Hegarty referred to this homogenisation as “windtunnel marketing”, and called for a change in approach.

Denim labels, in that case, offers a lot to be learnt from. Ditching the idea of seasonal ads, Diesel launched its Be Stupid campaign in 2010. Based on taking risk, being spontaneous and saying yes, it’s a philosophy spawned from president and founder Renzo Rosso’s experiences in first launching the brand. It won the outdoor grand prix in Cannes last year.

The tagline has remained since, but the ads – often somewhat risqué themselves – are frequently updated: new models, new product, new multimedia executions.

The same can be seen with Go Forth, the long-term campaign from Levi’s, and the brand’s first global creative platform in its 138-year history. Based on a rally cry for positive change in the world, the latest instalment includes a 60-second film called Levi’s Legacy that was unveiled last week (though has been postponed in the UK following riots across the country).

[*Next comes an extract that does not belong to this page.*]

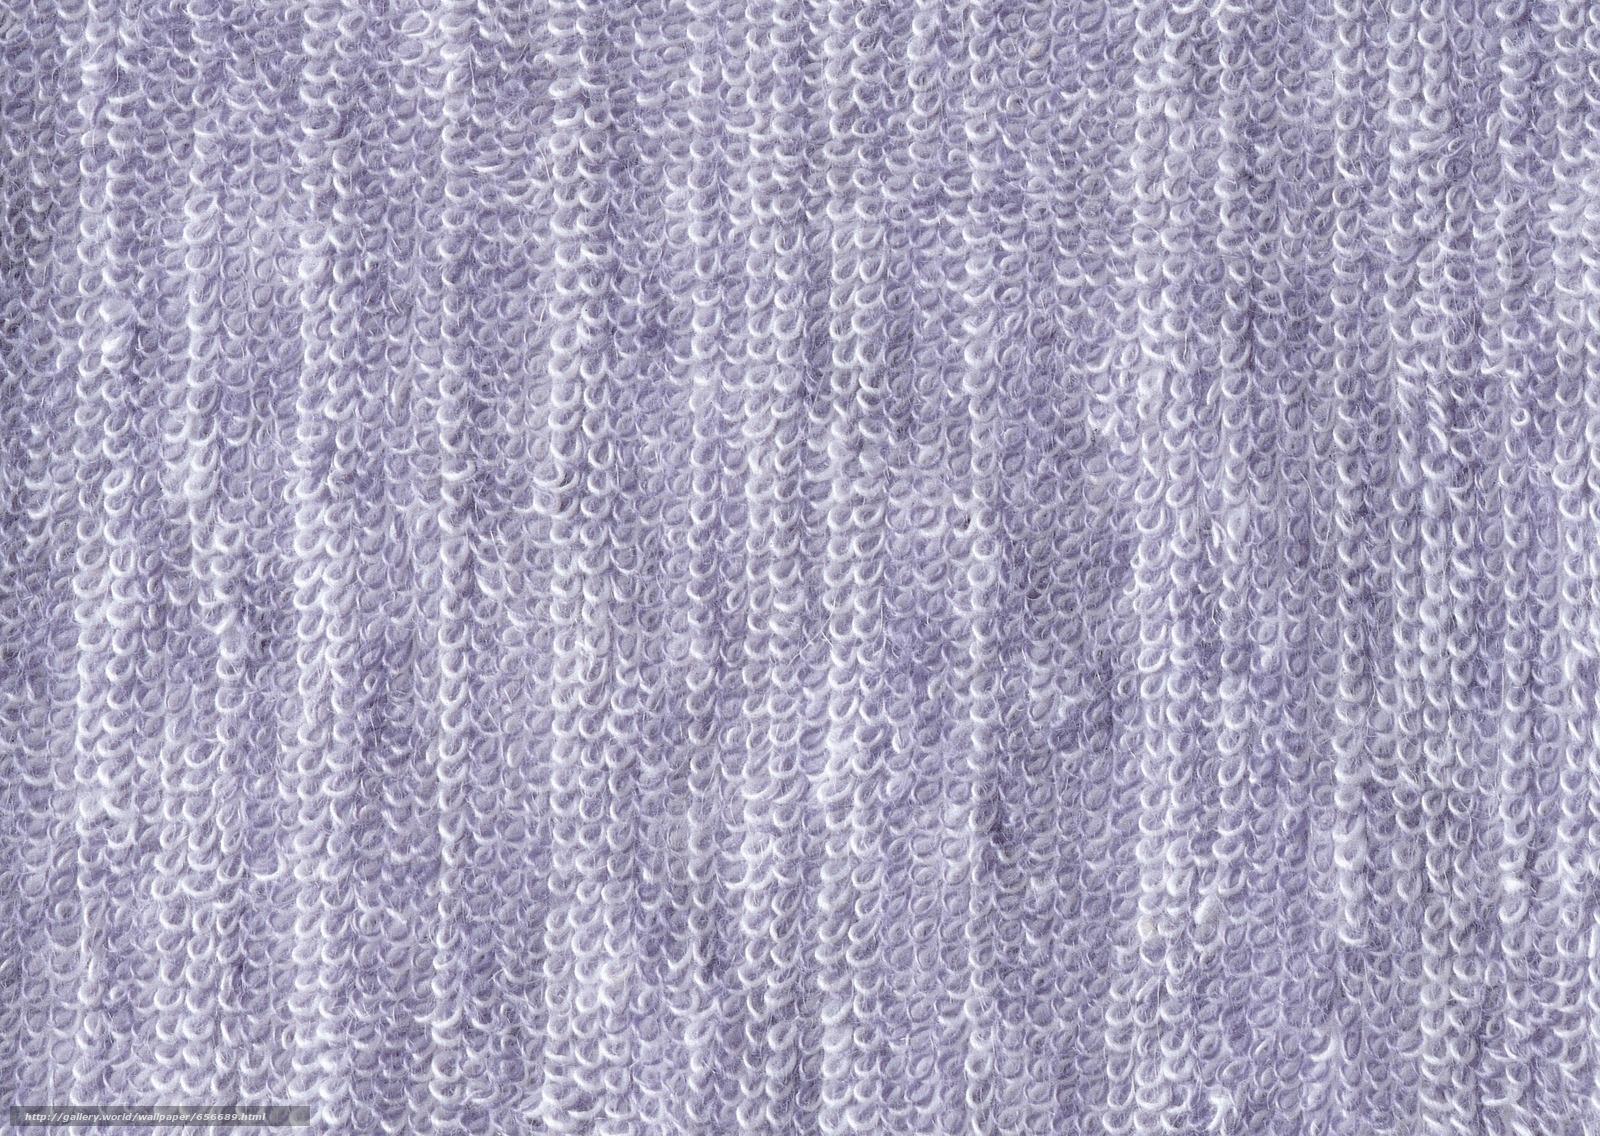 Скачать обои текстура,  текстуры,  фон,  фоны бесплатно для рабочего стола в разрешении 2950x2094 — картинка №656689

This kind of big thinking for an apparel brand not only makes a campaign more relevant to different hemispheres when launched internationally, but ties in well with the fact collections are becoming increasingly transseasonal.

Accordingly, while the Cannes Lions rebranding might have taken the focus off traditional formats, it doesn’t rid us of the fact that overarching ideas are what advertising remains about, especially in the new digital age, where execution can overshadow concept.

Fashion therefore – an industry with creativity at its very core – needs to shake off its seasonal collection focus and start thinking instead about campaigns built around big ideas.

A good starting point for inspiration, you could say, is Cannes Lions.